#### COLLECTED MATERIAL:
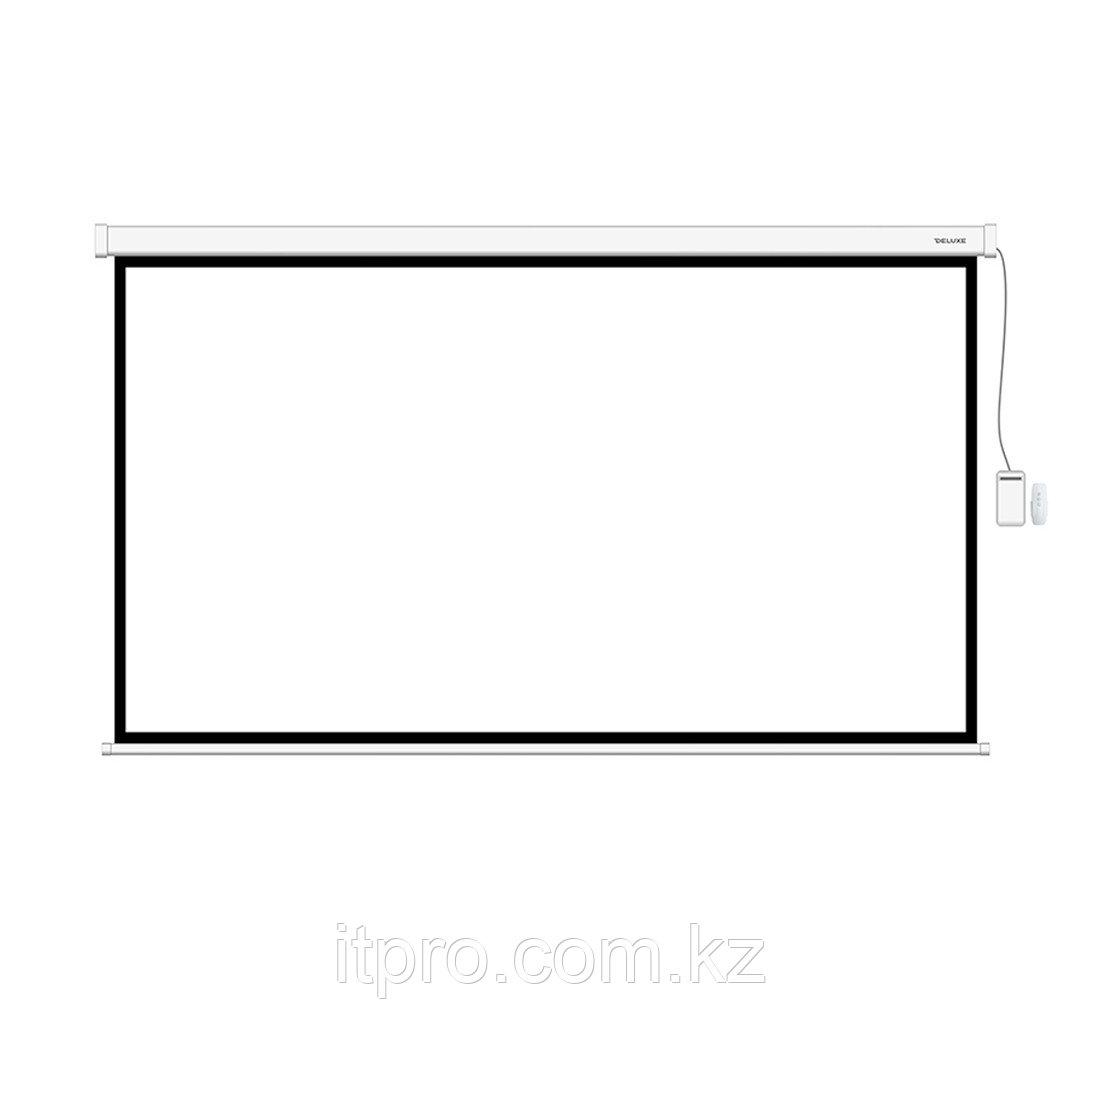 Экран моторизированный Deluxe DLS-ERC350x270W
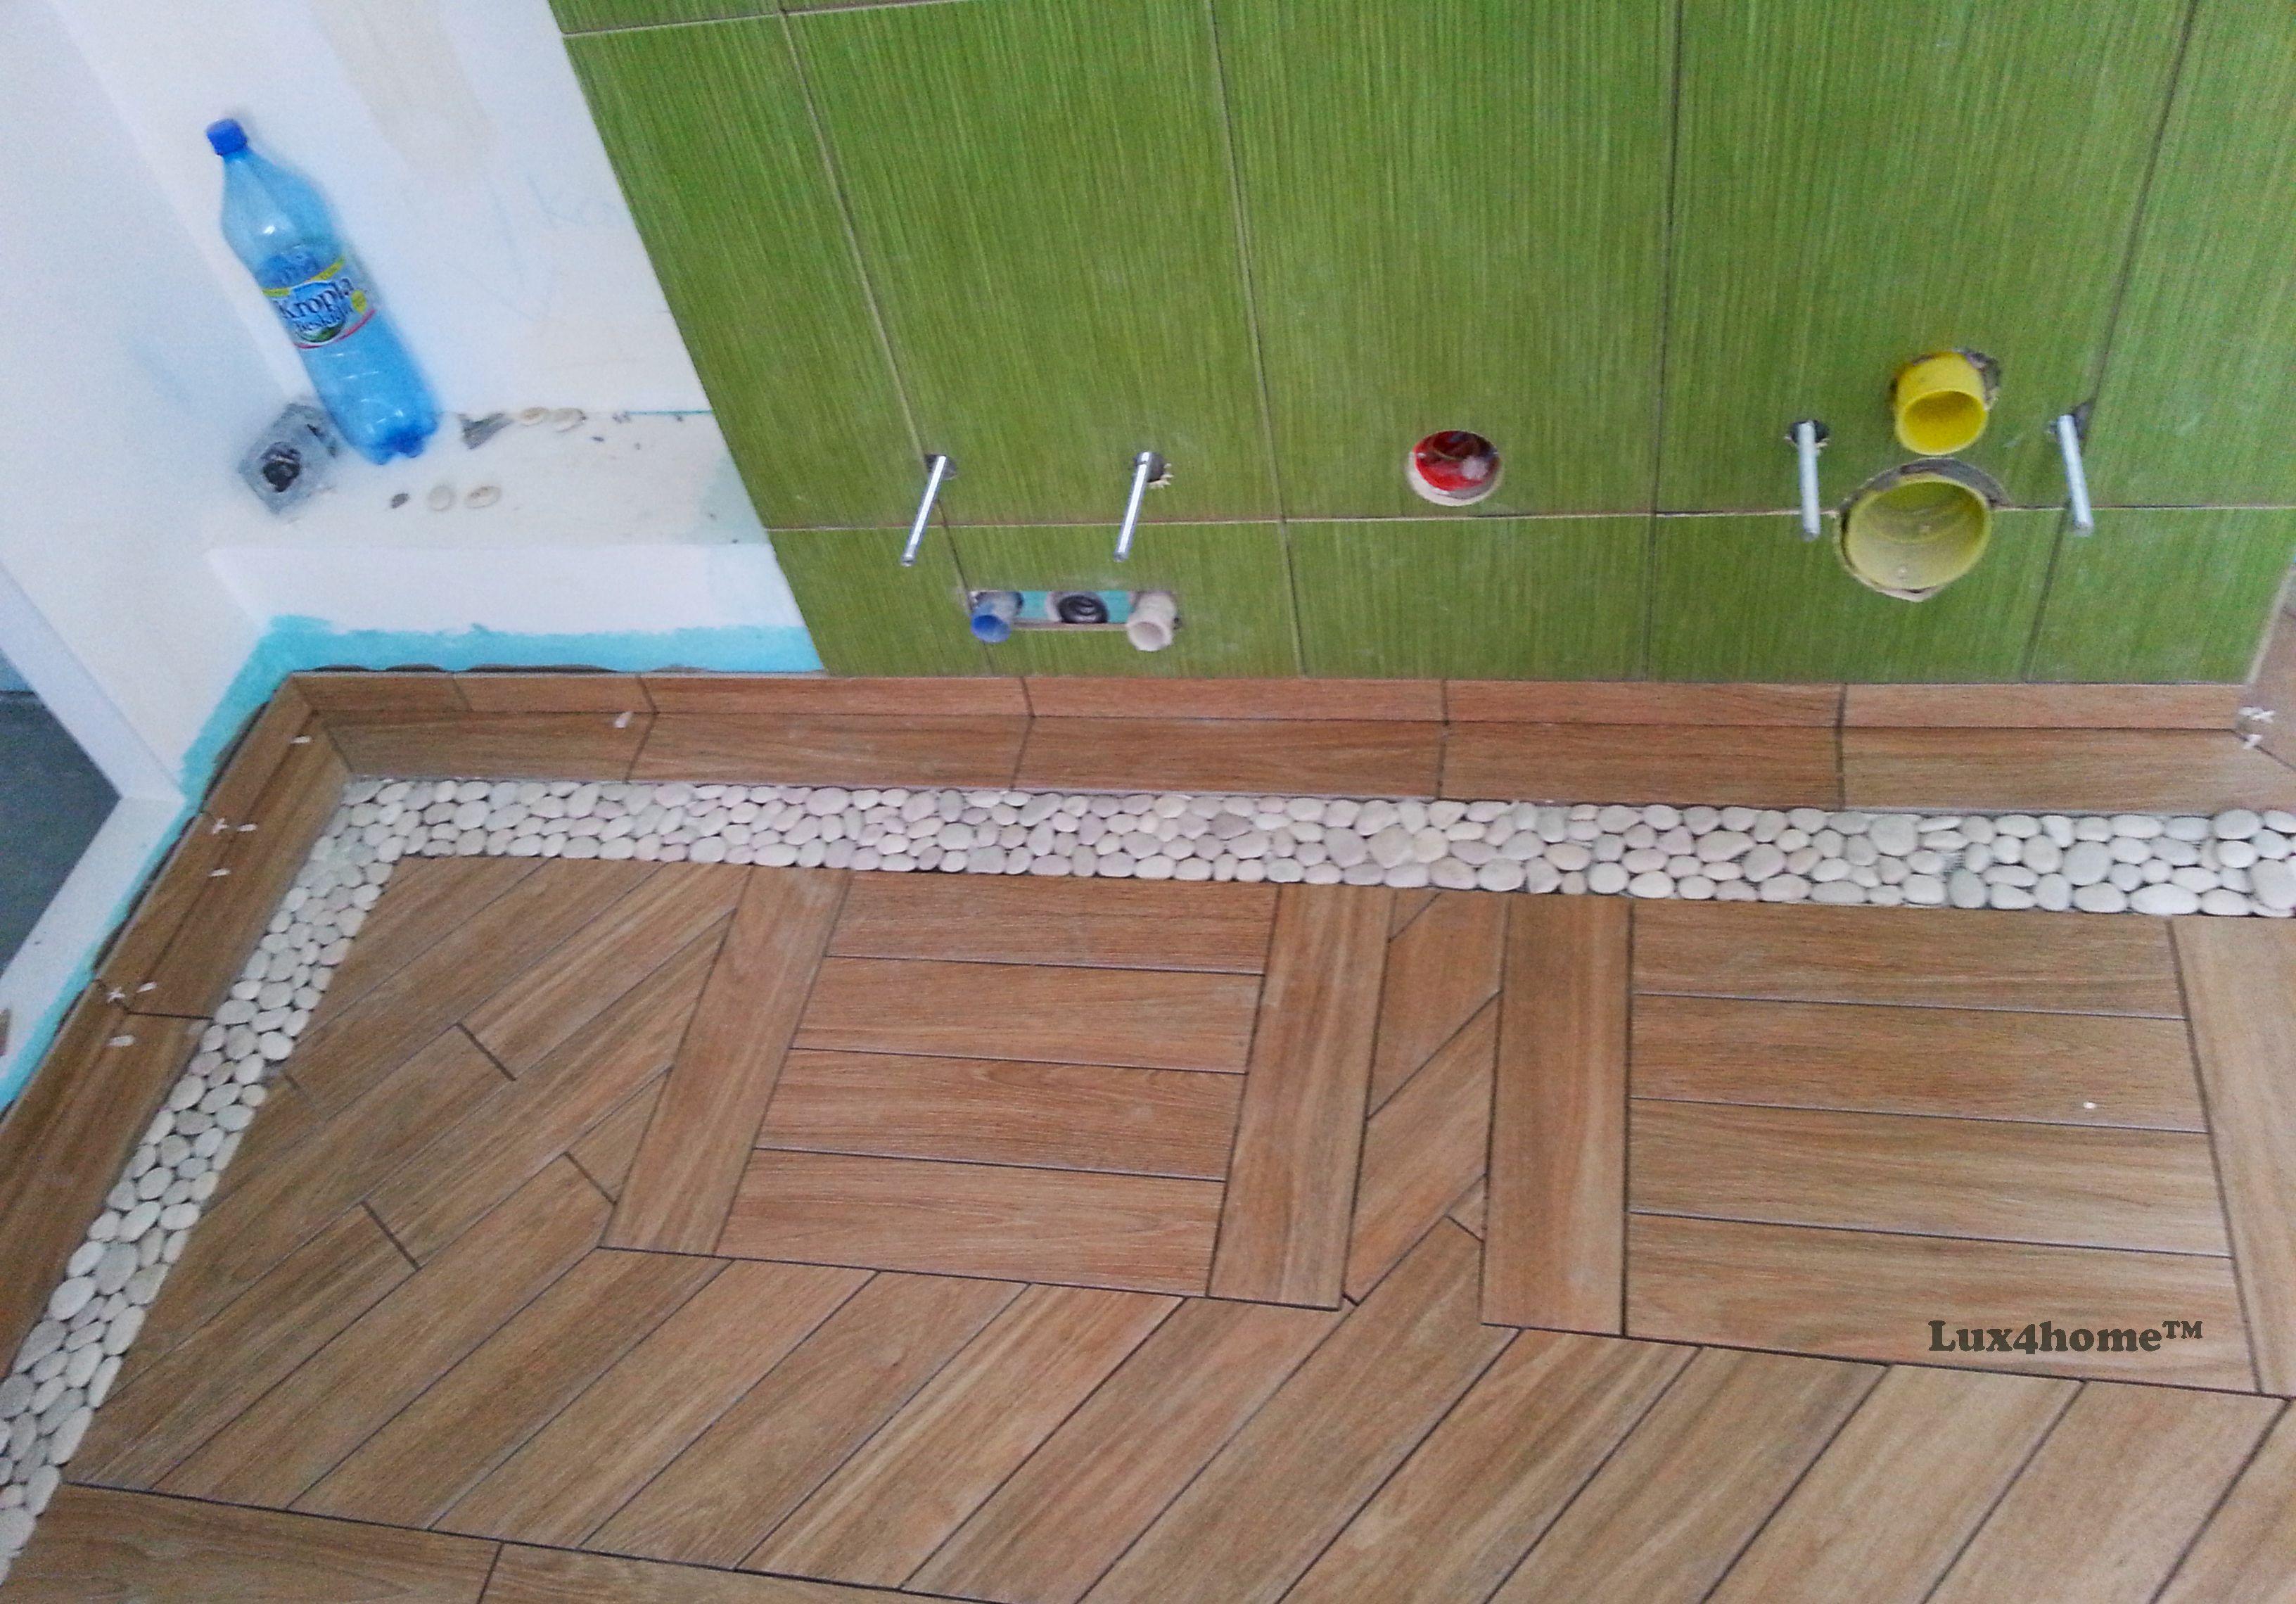 White #Pebble Tiles #Bathroom Ideas - Pebble Tile #Bathtub. We are ...
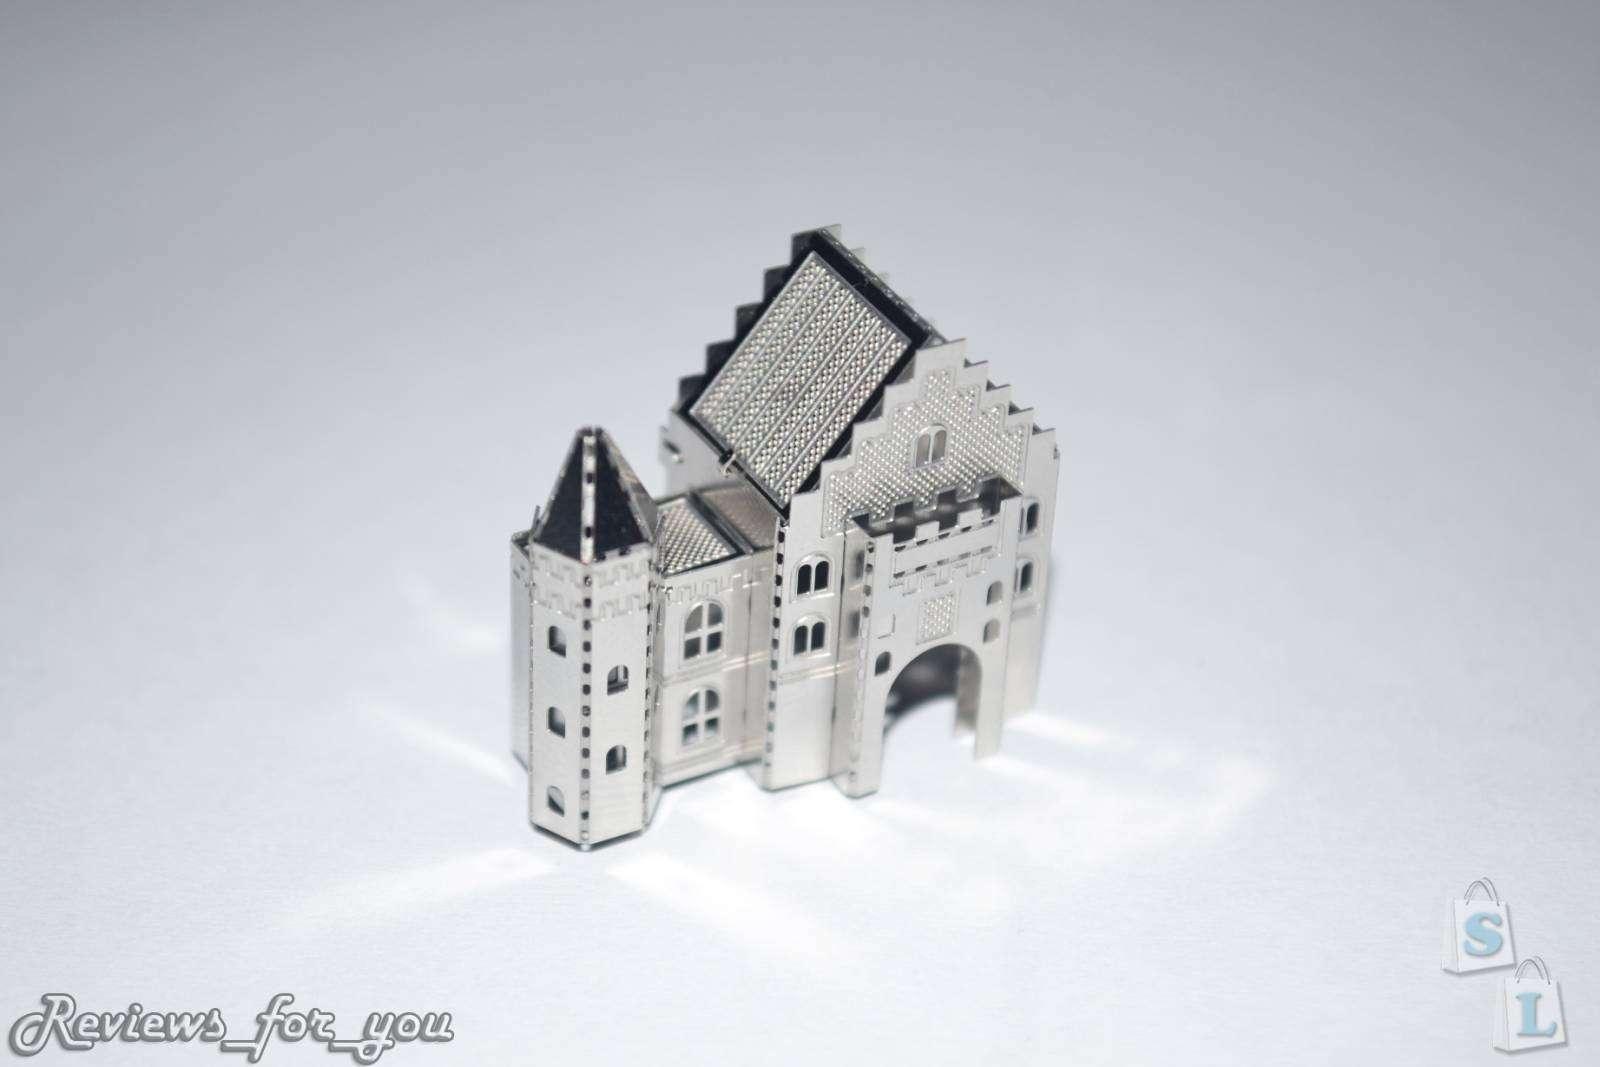 ChinaBuye: Металлический 3D пазл, маленькая модель 'Замка Нойшванштайн', Neuschwanstein Castle 3D Puzzle

#### REQUIRED ACTION:
Only the lines from the one containing "White #Pebble Tiles" through the last line of the material are to be restated word for word; no picture is to be included.

#### YOUR SOLUTION:
 White #Pebble Tiles #Bathroom Ideas - Pebble Tile #Bathtub. We are ...
 ChinaBuye: Металлический 3D пазл, маленькая модель 'Замка Нойшванштайн', Neuschwanstein Castle 3D Puzzle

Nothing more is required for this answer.